During this first year of the project, we have focused most of our effort on our first research direction above, namely to derive methods to tailor word embeddings to a given NLP task, either by adapting existing embeddings or by learning task-specific embeddings from scratch.
The main long term joint effort between Magnet and F. Sha’s team has been towards understanding how natural language processing tasks are related to each other in the context of word representations. Building on the significant experience of F. Sha’s team in transfer learning and of Magnet in linguistic representations, this ongoing work investigates two questions. First, starting from word embeddings that are learned in an unsupervised manner from large text corpora, how well does an adaptation of such embeddings to one task perform in another task? Second, potentially leveraging the knowledge about task relatedness, how can we learn high-quality task-agnostic word embeddings that are meaningful for various tasks at hand and/or easily transferable to a new task? During M. Dehouck’s 1-month visit to UCLA and S. Changpinyo’s 10-day visit to Magnet, several existing techniques for adapting word embeddings to multiple NLP tasks were reviewed and empirically compared, and a novel adaptation technique was proposed. Focusing on a set of semantic and syntactic NLP tasks (part-of-speech tagging, sentiment analysis, named entity recognition and dependency parsing), we started to conduct experiments to assess how initial and adapted word embeddings perform on those tasks and analyze task relatedness. This work will be continued in the second year of the project, aiming for a submission at a major NLP conference.
We have also worked on several more targeted problems. First, we have proposed a semi-supervised approach to learn word embeddings for the task of implicit discourse relation identification. The resulting representations outperform off-the-shelf word embeddings and achieve state-of-the-art performance on this problem. Second, we tackled the problem of cross-lingual dependency parsing by jointly learning language-universal word embeddings from morpho-syntactic information which can be trained on any set of languages.
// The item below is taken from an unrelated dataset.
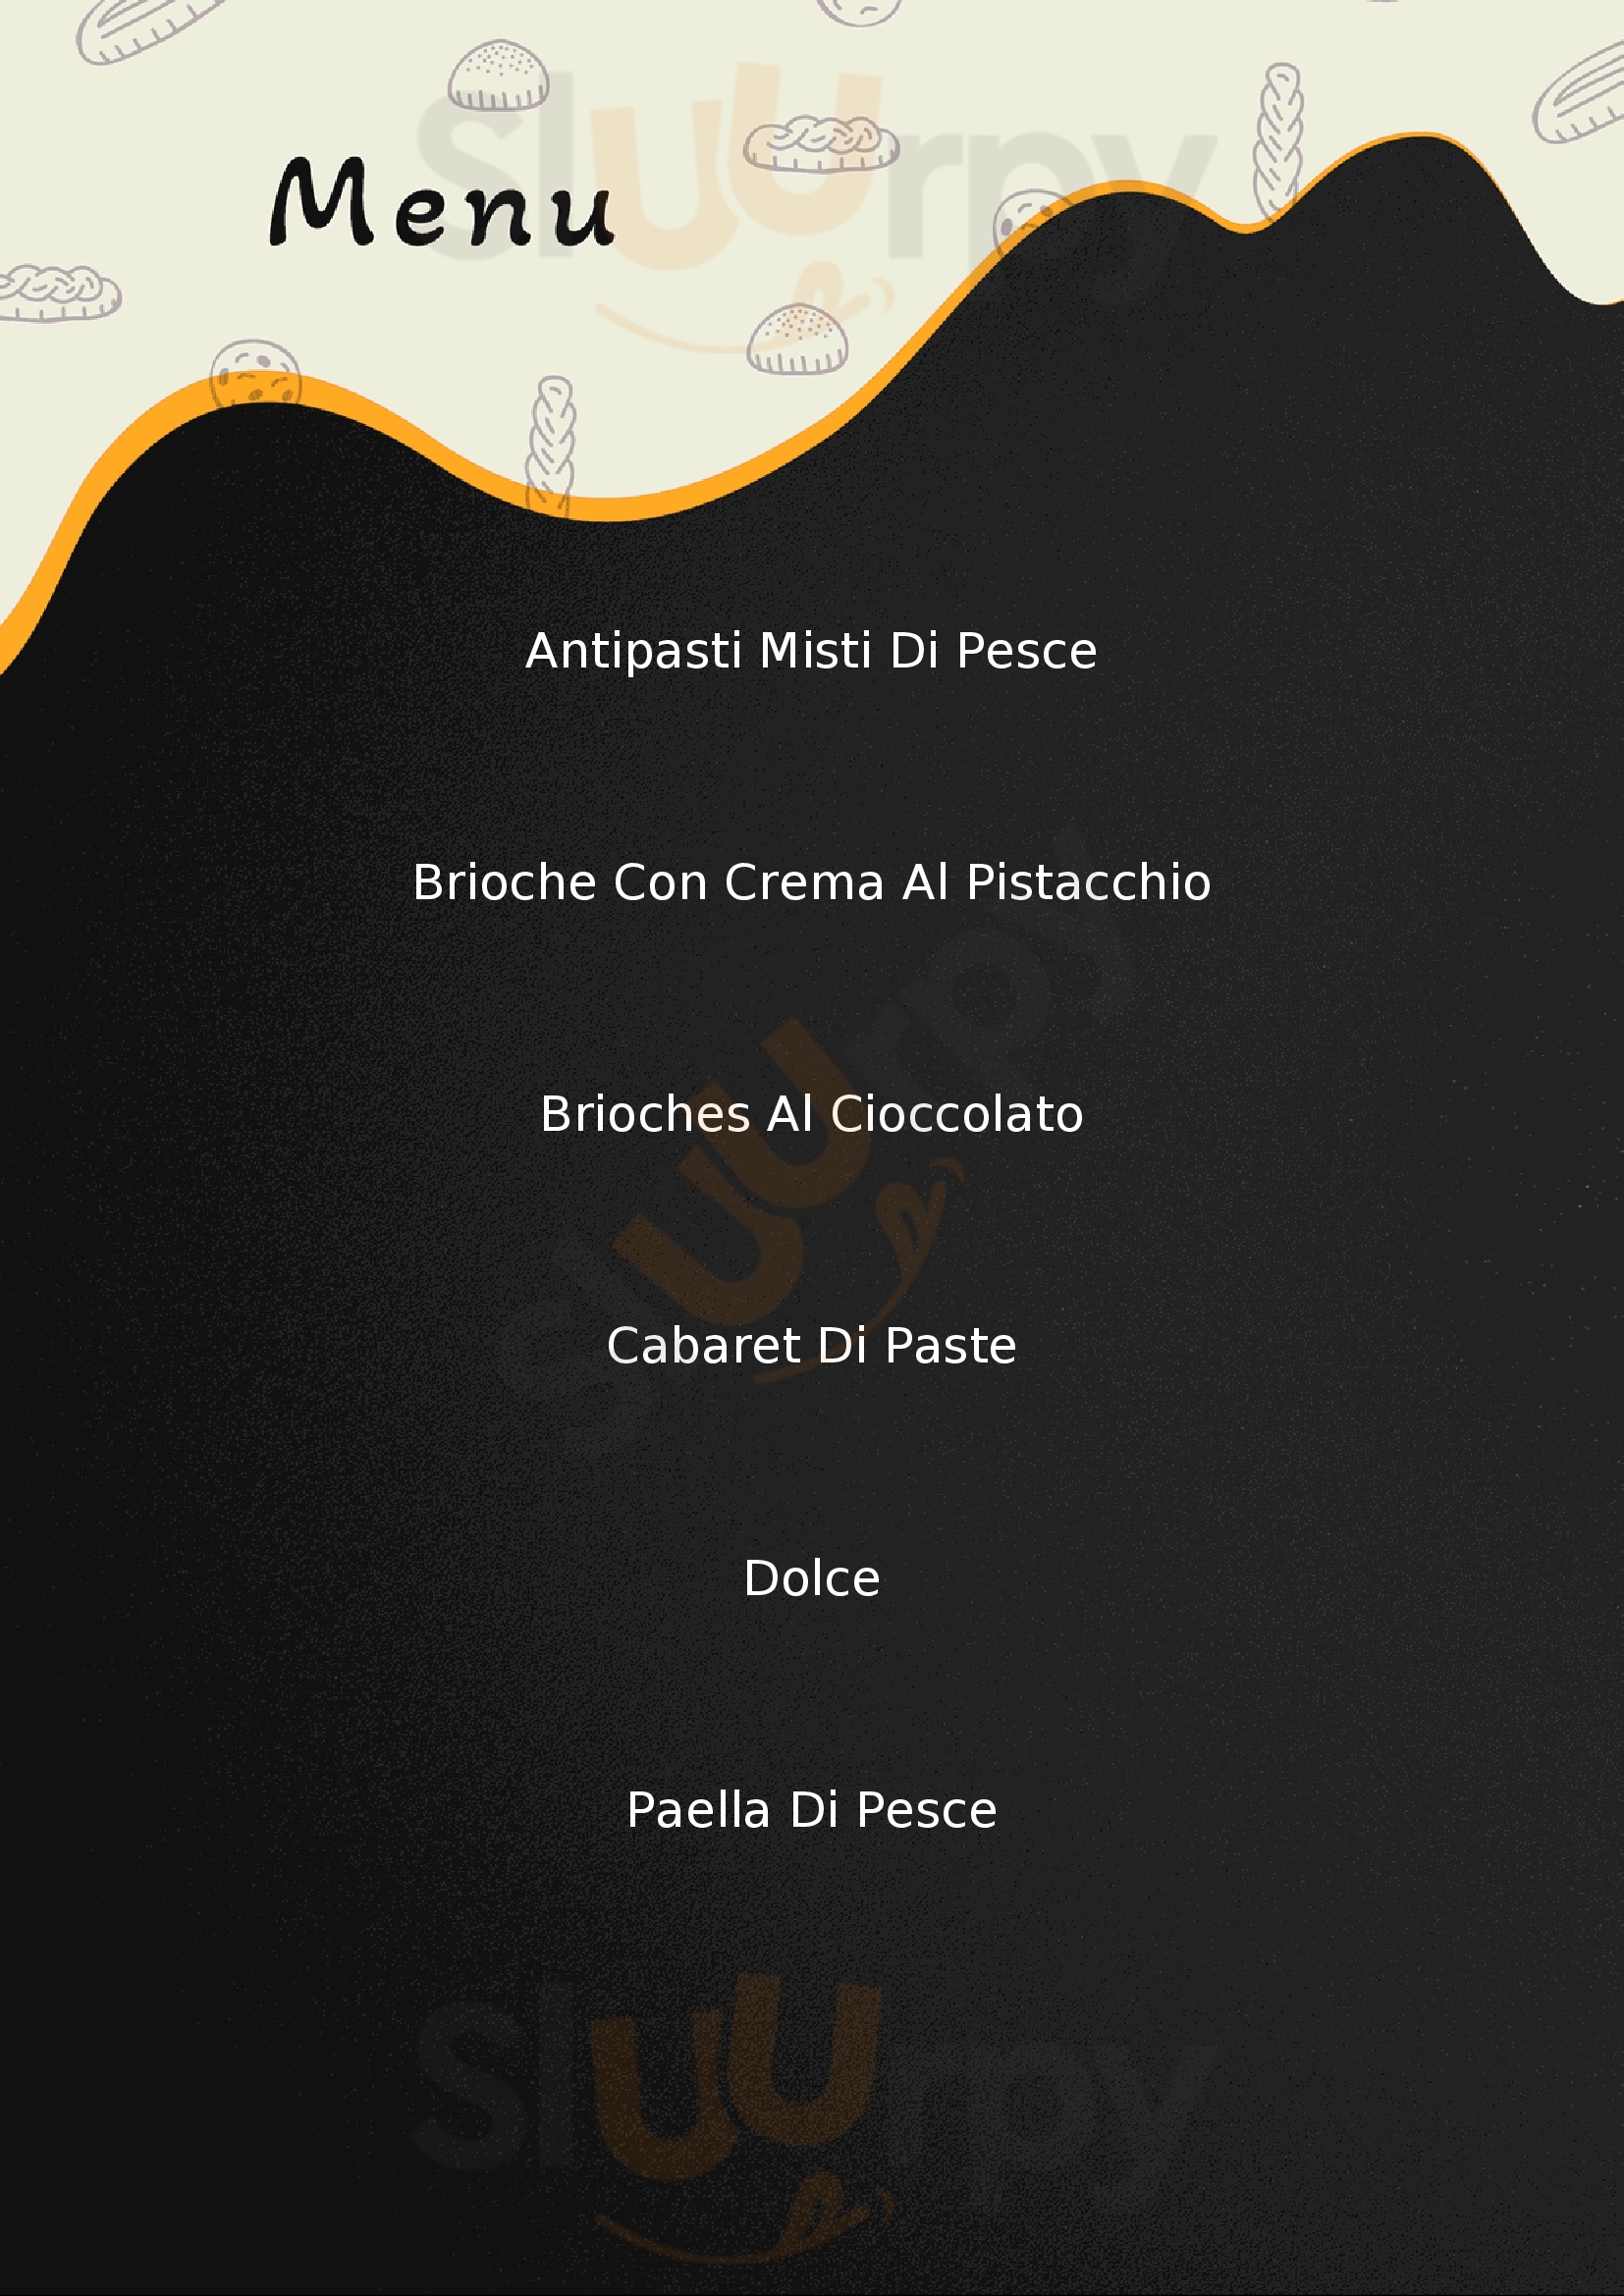 Gruppo Marchioro Catering | Pizzeria | Ristorante | Pasticceria Vigonza menù 1 pagina

It is worth noting that these embeddings are learned based on structural, dependency-based contexts, in line with our second research objective. Combined with standard language-specific features, such embeddings can achieve significant improvements over monolingual baselines. Lastly, we have proposed approaches to adapt word embeddings for text classification tasks by learning an earth mover type of distance and by joint online learning of the embeddings and the classifier.
Finally, during the Master internship of T. Liétard, we have started working towards our third research objective by learning a weighted similarity graph between entities for the problem of coreference resolution, incorporating both task-specific features and off-the-shelf word embeddings.
We conclude by mentioning that in 2016, Magnet has started to develop, through an ADT (Action de Développement Technologique), a software called Magneto dedicated to learning and evaluating word embeddings. We expect that Magneto serves as a joint development platform for Magnet and F. Sha’s team towards the third year of LEGO.
Visits between the two groups
- A. Bellet, P. Denis: visit to UCLA – 1 week (July 2016) – defining research priorities in preparation of the student visits, half-day workshop on vision+language.
- M. Dehouck: visit to UCLA – 1 month (September 2016) – multi-task word embeddings, talk on cross-lingual dependency parsing.
- S. Changpinyo: visit to Magnet – 10 days (October 2016) – multi-task word embeddings, talk on zero-shot learning.